Mentor Peter Lee, MD
Award Type Career Development Award
Institution Beckman Research Institute of the City of Hope
Donor Support Funded by the Cavan Family Foundation
Description:

Immunotherapy has fundamentally changed the way we treat melanoma patients. Checkpoint blockade specifically, which unleashes T cell killing of cancer cells, has extended patient survival and significantly increased the percentage of patients that are deemed disease-free after therapy. Despite these successes, many melanoma patients still do not respond to immunotherapy; and even among those that respond initially, a significant percentage develop resistance or relapse after therapy. Barriers to the ultimate success of immunotherapy include tumor specific T cell dysfunction or the inability to generate sufficient numbers of tumor specific T cells due to immunosuppressive features of tumors. Recent research has demonstrated how these barriers emerge, showing that many melanoma tumors contain tumor specific T cells, but they lack the ability to kill cancer cells due to a state of dysfunction termed ‘T cell exhaustion’. Here we propose to use a combination of cutting-edge single cell RNA sequencing and T cell engineering methodology to generate large numbers of anti-tumor T cells.

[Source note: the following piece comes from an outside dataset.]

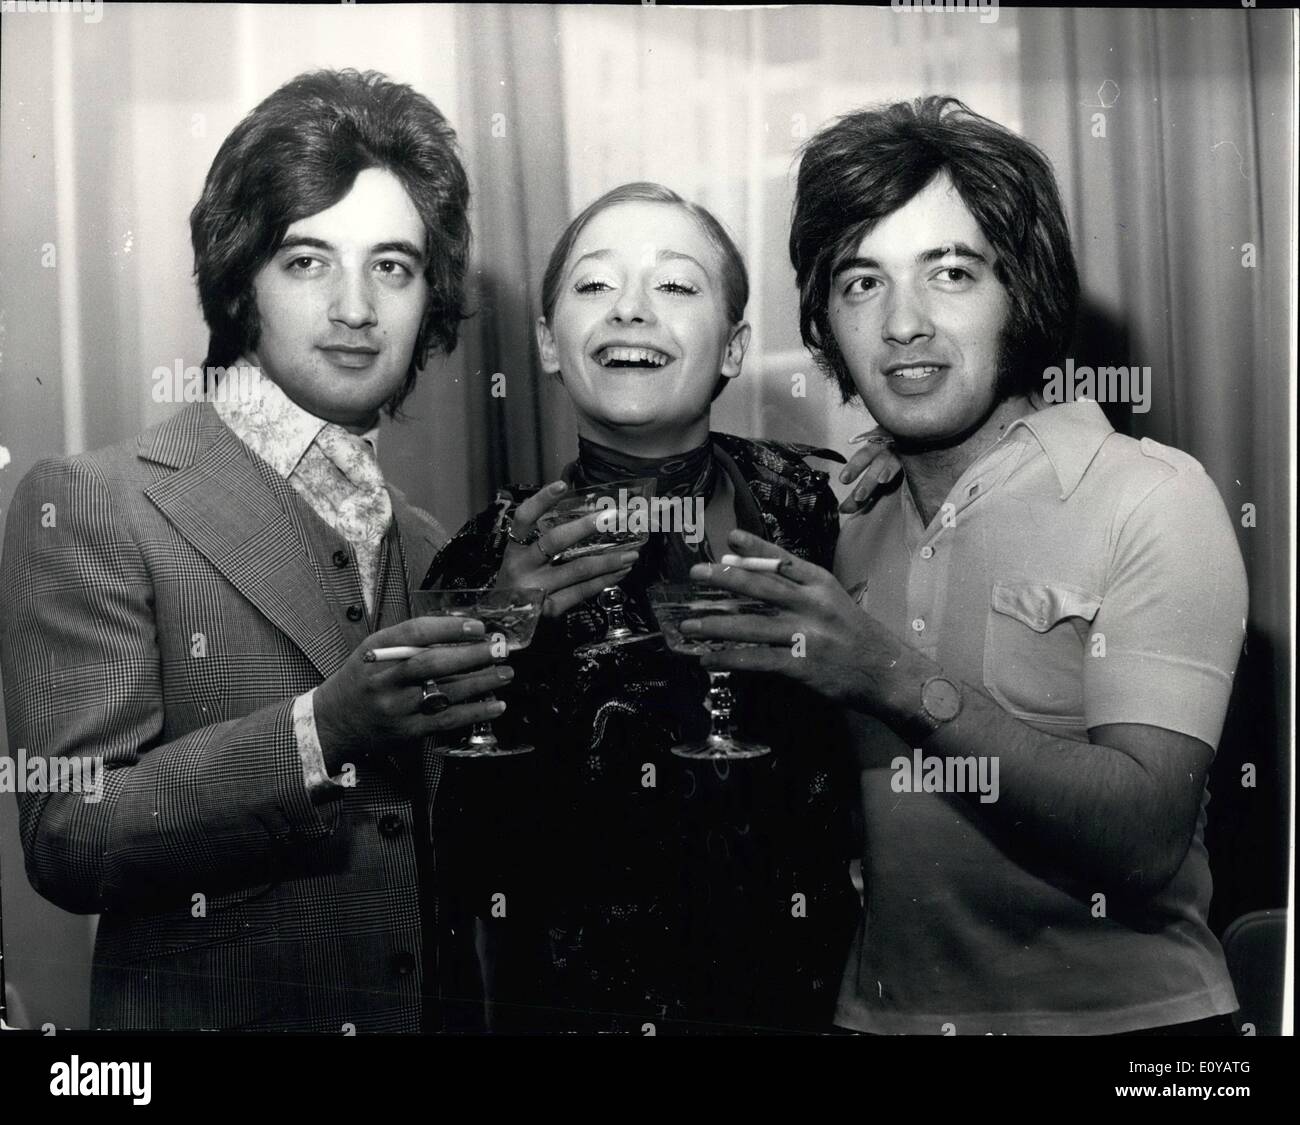 Lug. 07, 1969 - Paolo e Barry Ryan vincere milioni di dollari di contratto: li chiamano i milioni di dollari di fratelli, per Barry e Paolo Ryan Foto Stock

To do so, we will use single cell RNA sequencing on melanoma patient tumor infiltrating T cells to identify their T cell receptor (TCR), which allows tumor-specific T cells to recognize and kill cancer cells. We will use these TCR RNA sequences to then engineer large numbers of tumor- specific T cells (TCR-T cells) and test them for their ability to kill melanoma cancer cells from the same patient the T cell receptors were identified in. Next, we will test if any of the TCR-T cells we construct are capable of killing cancer cells from other melanoma patients. If so, we will begin to build a library of TCR-T that can be rapidly employed in the clinic for subsets of melanoma patients. This innovative strategy offers both a personalized engineering approach and the ability to rapidly generate high numbers of tumor-specific immune cells for clinical administration to patients. Thus, we believe that these studies will lead to a novel immunotherapy treatment option for melanoma patients that will offer durable, long-lasting survival.